Hallo Leute ich habe folgendes Problem:

Ich habe ein Gentoo System auf einer ext3-Platte, davon habe ich ein Image gemacht.

Dieses Image hat ein 2.6.35 Kernel drauf und gcc Version 4.3. Als CPU ist ein Via C3 Nehemiah eingebaut. 

Boote ich das System klappt alles super ich kann mit Knoppix CHROOTEN oder direkt den Rechner mit Grub und dem Kernel booten.

MAche ich nun aber mal ein Update um alle Software auf den neuesten Stand zu bringen, dann kriege ich danach immer beim Booten einen Kernel Panic.

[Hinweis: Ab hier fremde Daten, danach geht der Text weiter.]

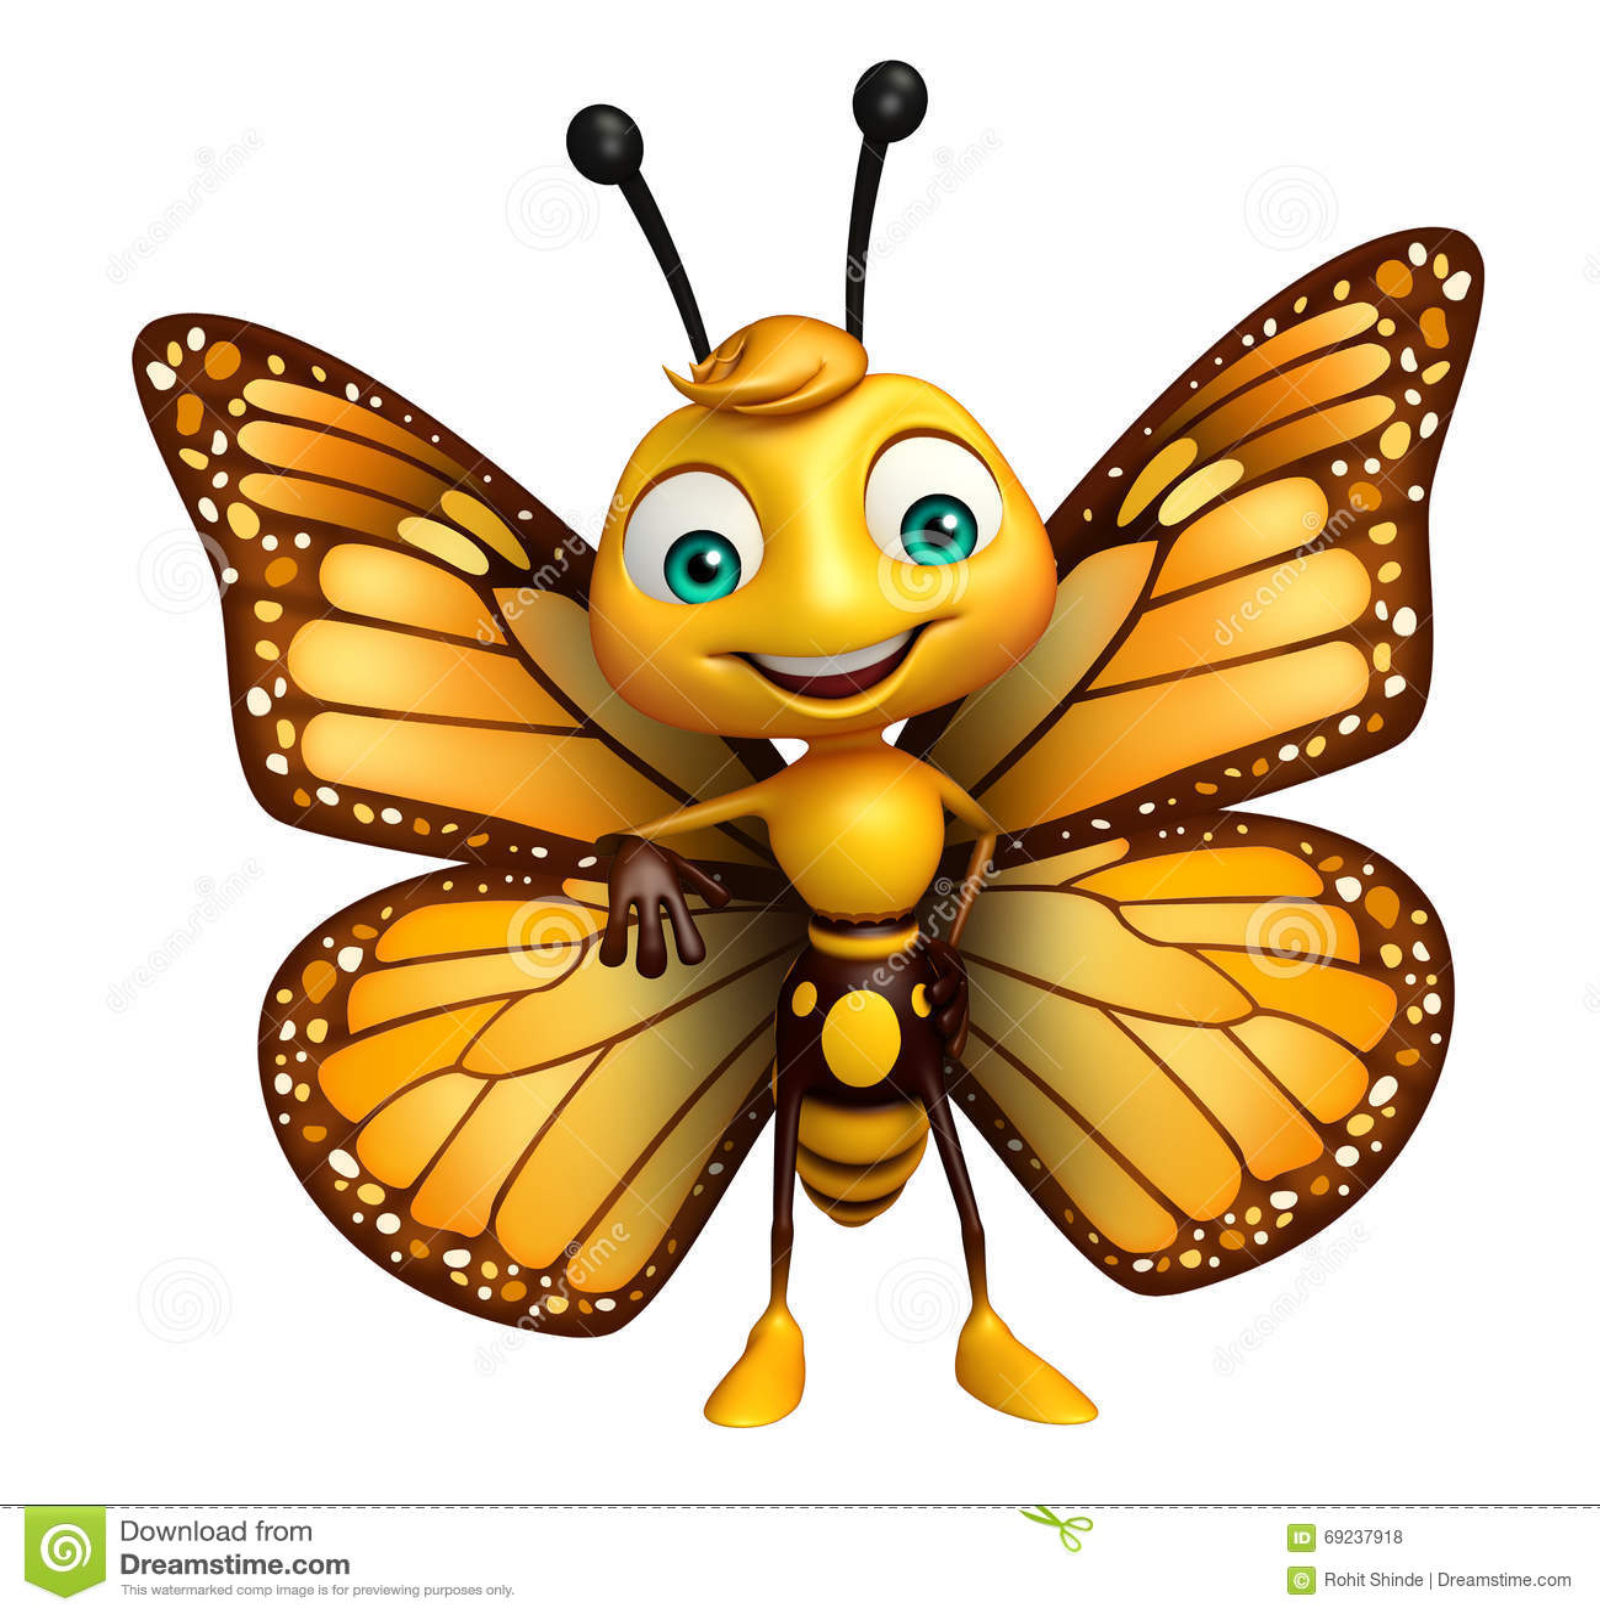 Personnage de dessin anim dr le de papillon illustration - Image papillon dessin ...

EXT3-fs: barriers not enabled

kjournald starting. Commit interval 5 seconds

EXT3-fs (hdc1): recovery complete

EXT3-fs (hdc1): mounted filesystems with writeback data mode

VFS: Mounted root (ext3 filesystem) readonly on device 22:1

Freeing unused kernel memory: 368k freed

Kernel panic - not syncing: Attemped to kill init!

Pid: 1, comm: init Not tainted 2.6.35.3 #2

Call Trace: 

Ich habe den GCC gleich gelassen und verwende auch dasselbe Kernel und dasselbe GRUB wie vorher. Das einzige was ich neu gemacht habe ist einmal emerge -ev system und emerge -ev world durchlaufen zu lassen.

Wenn ich mit Knoppix nun in das System chrooten möchten, dann kriege ich immer "Ungültiger Maschinencode"

Das war vorher auhc nicht der Fall. (CFLAGS: march=c3 -O2 -mtune=generic -pipe -fomit-frame-pointer" MAKEOPTS="-j2")

Woran kann sowas liegen, ich gehe von einer ganz simplen Lösung aus, da ich das System seit Monaten nicht mehr geupdatet habe und irgendeine Synchronisierung (revdep-rebuild) oder so nur vergessen habe. Bitte gebt mir Tipps bin jetzt shcon seit 2 Wochen dabei.

Vielen Dank 

Gruß kami

----------

## mv

Die Fehler klingen eigentlich nach falscher Architektur: Bist Du sicher, dass Du -march=c3 brauchst und nicht z.B. -march=c3-2? Im Zweifelsfall lieber -march=native benutzen... (und nebenbei: Das -mtune=generic schadet hier eher, als dass es nützt. Oder hast Du einen bestimmten Grund dafür?)

----------